Rod Little proposed a method called “Calibrated Bayes”10 which can be used to adopt survey weights within the Bayesian paradigm. Originally the concept of calibration was proposed by non-Bayesian statisticians.11 The calibration technique modifies survey data sets by changing the survey weights to explain nationally representative features. For example, a complex survey data set’s average male age is different from that of the U.S. Census Bureau. By changing survey weights, the calibration method matches the average male age of the complex survey data set to the Census Bureau’s. Though theoretically the calibration technique can be used for Bayesian methods, the Calibrated Bayes method has not been used in major health science journals, which is partly due to the fact that the Calibrated Bayes method is relatively new and that its theory has been discussed from a statistical point of view.10,12

Although Bayesian methods are useful in dealing with complex problems, to our knowledge, none of the popular Bayesian software programs (e.g., BUGS, Bayesian inference Using Gibbs Sampling, Cambridge Institute of Public Health13) have code related to adopting survey weights. Despite this and compared to the theoretical Calibrated Bayes method, it is still possible to use Bayesian software and survey weights together via the R software program in a relatively simple way.

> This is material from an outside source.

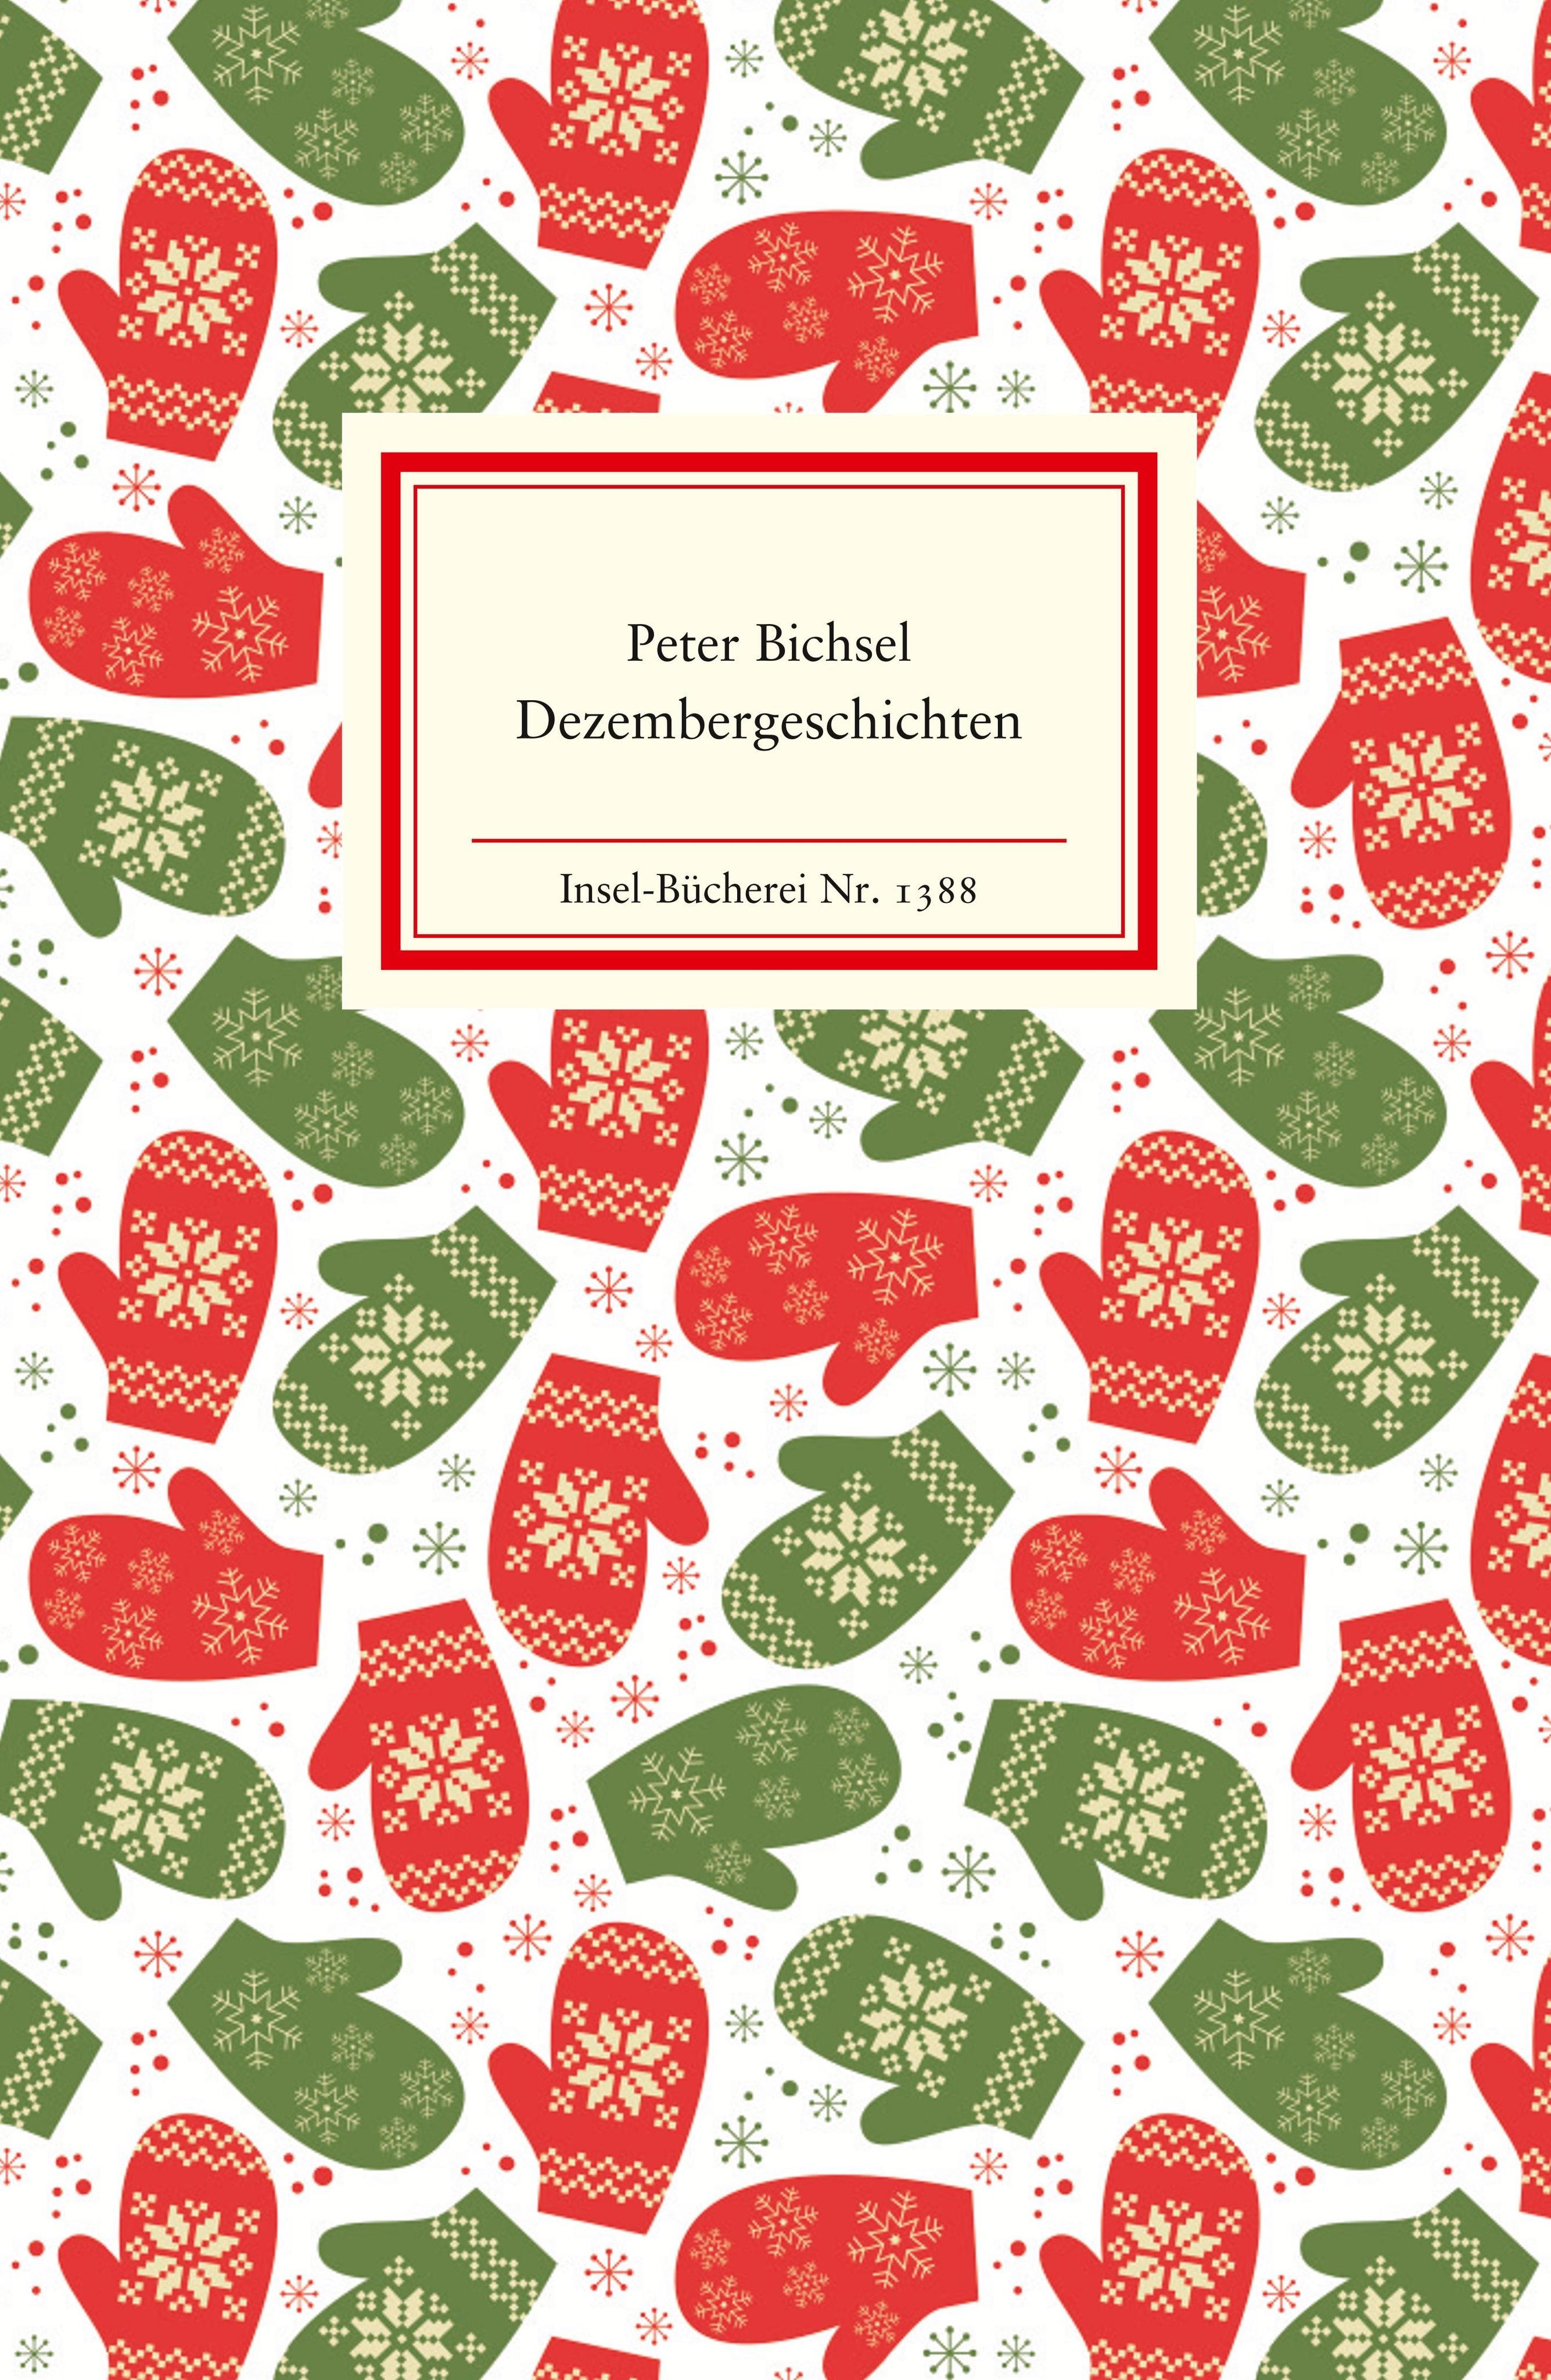 NEU Dezembergeschichten Peter Bichsel 193883
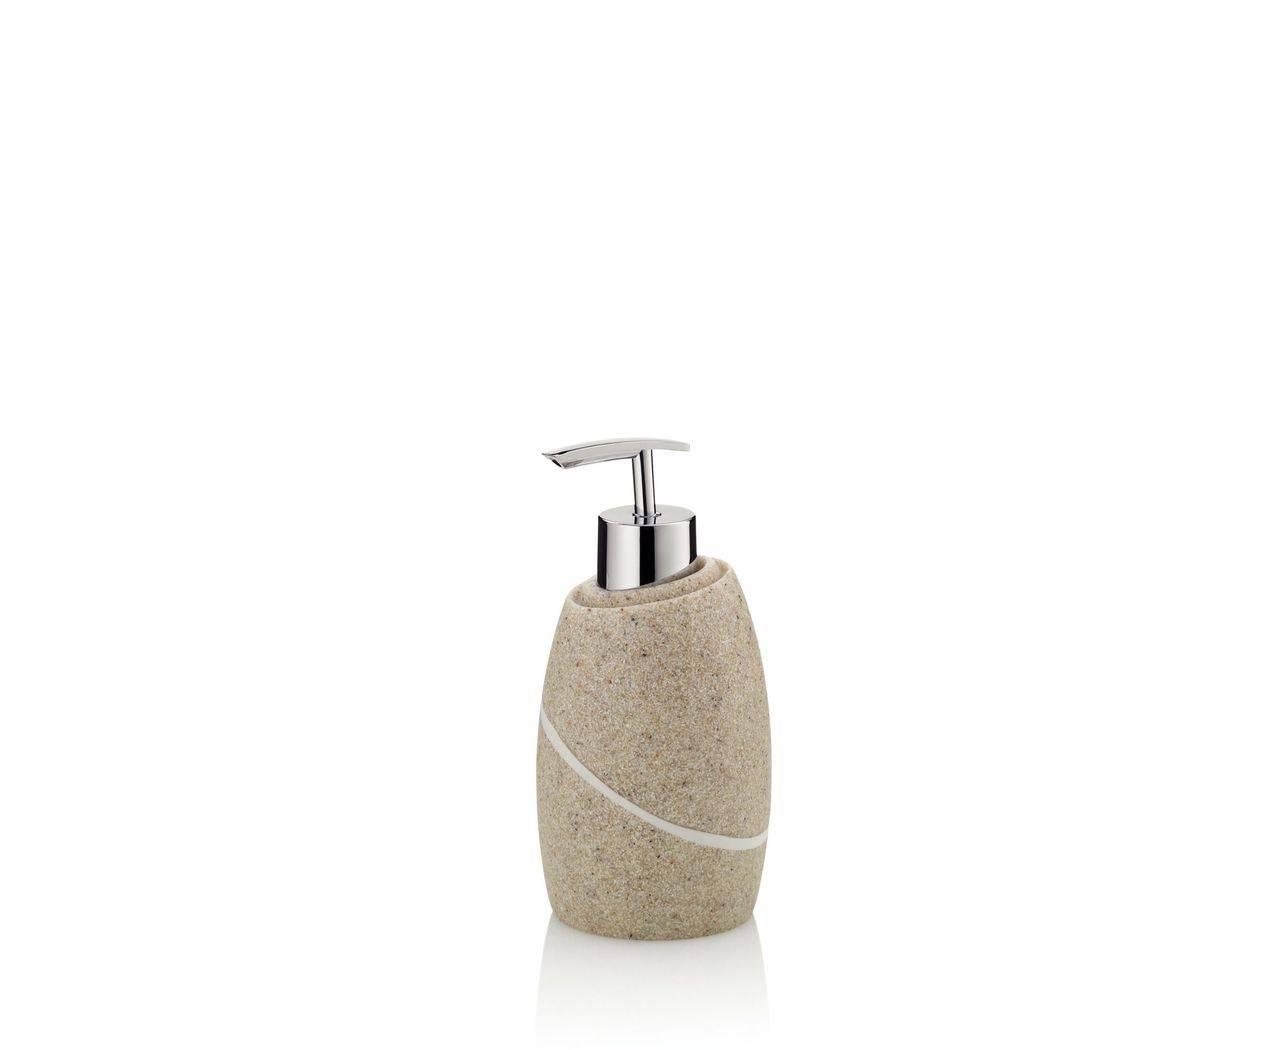 Dávkovač mýdla TALUS dekor kámen KL-20297 - Kela

Consider, for example, an analyst who wants to use NHANES data to estimate a disease prevalence by using established survey weights. NHANES provides complex survey data with multilevel structures having missing data. The analyst can run the BUGS program in R to build Bayesian models on the basis of well-documented examples (Congdon illustrates extensive examples).9 Depending on types of target parameters, survey weights can be omitted or treated as a fixed variable in the Bayesian analysis. Again, the analyst can obtain general point estimates of disease conditions for NHANES study subjects by modeling multilevel data structures, missing data, and measurement errors. Design-based variance estimation can be done with the Bayesian point estimates using the jackknife method14 in the R survey package. That is, for each of the jackknife samples, the Bayesian modeling can be performed to produce point estimates. However, it will be computationally burdensome if the Markov Chain Monte Carlo simulation is performed for each of the jackknife samples to assess the posterior means of the parameters. The computational burden can be relieved if a weighted posterior likelihood is maximized to obtain posterior modes instead.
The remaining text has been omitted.